Our results demonstrate clear performance improvements of MoE over dense models, with particularly pronounced gains on large-scale datasets and long-horizon tasks. On the LIBERO benchmark, our AdaMoE-VLA achieves an average improvement of 1.8% over the baseline π₀ model (94.2% → 96.0%) across all four task suites, as shown in Table 1. As detailed in Table 2, the improvements are more significant on the large-scale RoboTwin dataset, where we observe a substantial 9.3% performance gain (40.4% → 49.7%) across 19 manipulation tasks with 9500 demonstrations.

Notably, our method excels in both domain randomized tasks and long-horizon sequential tasks. In domain randomized scenarios with high environmental and object variation, the diverse expert specialization enables better handling of different lighting conditions, object properties, poses, and manipulation strategies across diverse configurations. The performance gains on long-horizon tasks are particularly pronounced, with our method achieving a 92% success rate on LIBERO-Long, demonstrating that MoE architectures can effectively decompose complex sequential manipulation into specialized sub-skills handled by different experts.

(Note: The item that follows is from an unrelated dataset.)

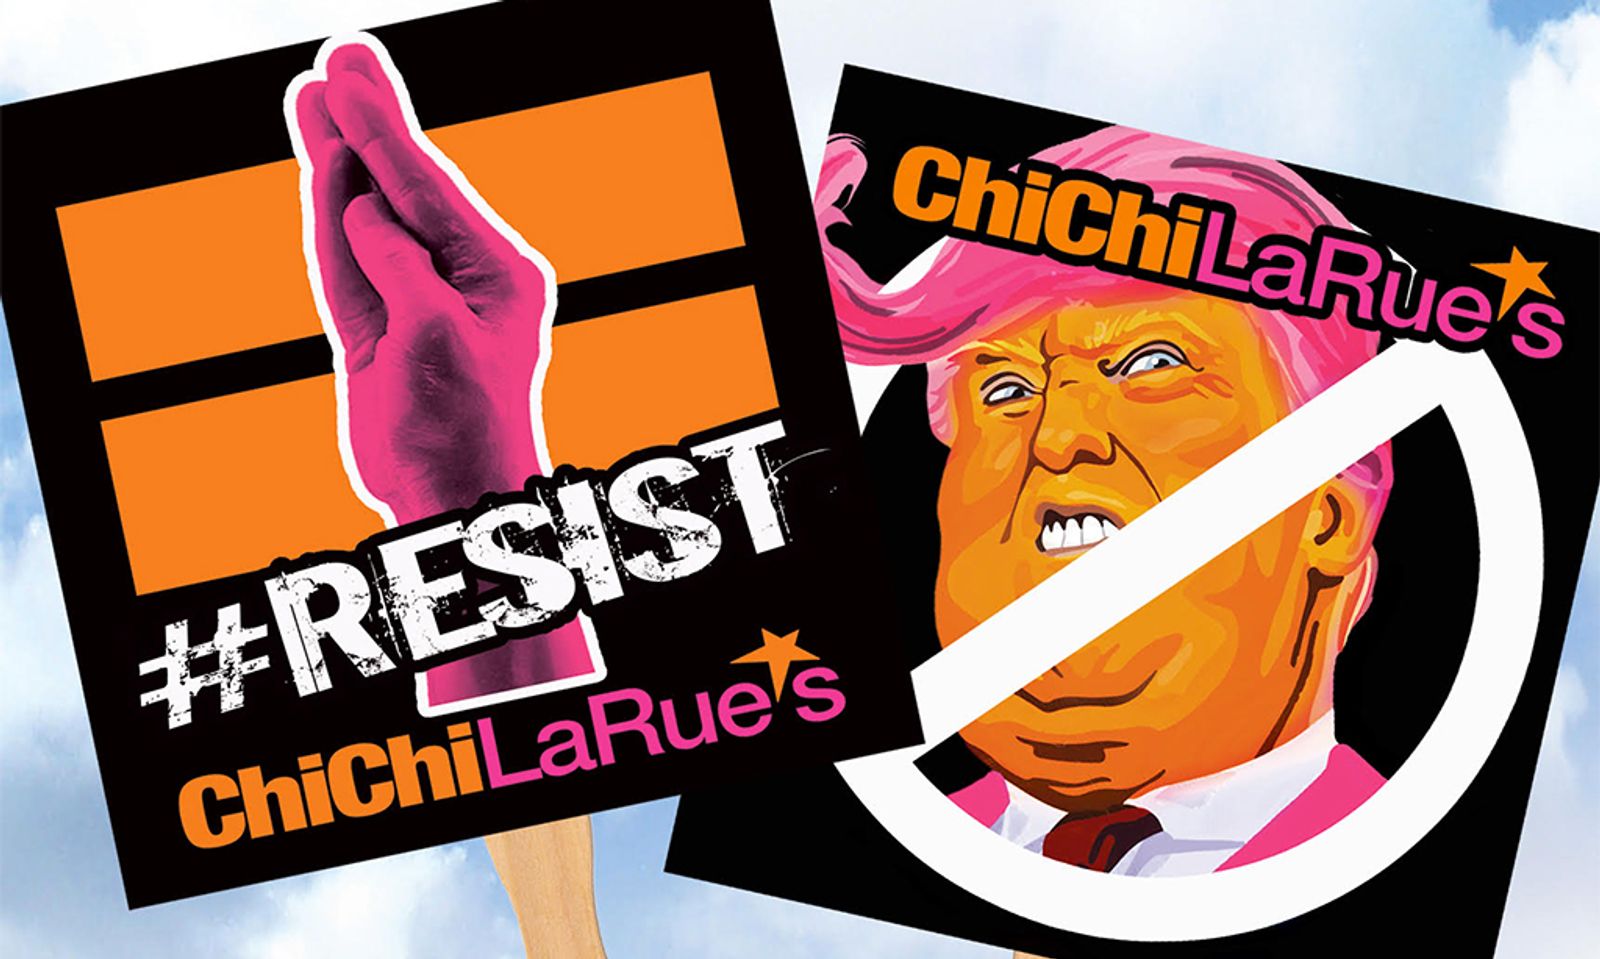 Adult Retailer Chi Chi La Rue’s Giving Away #Resist Signs

Analysis of expert activation patterns reveals clear task-dependent specialization across different manipulation phases. The above figure shows the activation patterns of experts at certain layer L during various manipulation tasks, where expert usage intensity measures the proportion of tokens assigned to each expert at each frame. We observe distinct activation patterns that correlate with specific manipulation phases. For the same task “put both the alphabet soup and the tomato sauce”, all experts show similar token load distributions as illustrated in subfigures (a) and (b). Furthermore, across different tasks, experts exhibit consistent trends for certain atomic operations. For instance, in subfigures (a), (b), and (c), Expert 3 shows increased token utilization precisely when the policy performs target positioning and gripper release operations. The consistency of activation patterns across similar manipulation phases demonstrates that our experts capture meaningful behavioral primitives rather than arbitrary task divisions.

To validate our decoupled expert selection and weighting mechanism, we conduct comprehensive ablation studies on LIBERO comparing three architectural variants:

Vanilla MoE: Traditional MoE with coupled selection and weighting using softmax router outputs
Concatenated Scale Adapter MoE (CSMoE): Router outputs and action tokens are concatenated and fed to a scale adapter that directly outputs expert weights
Additive Scale Adapter MoE (Our AdaMoE-VLA): Expert weights are computed as the sum of router weights and scale adapter weights

As shown in Table 3, our AdaMoE-VLA achieves the best overall performance across LIBERO task suites, with an average improvement of 1.6% over vanilla MoE (load balance). The concatenated approach shows moderate improvements, validating the importance of decoupling, while our additive design proves most effective.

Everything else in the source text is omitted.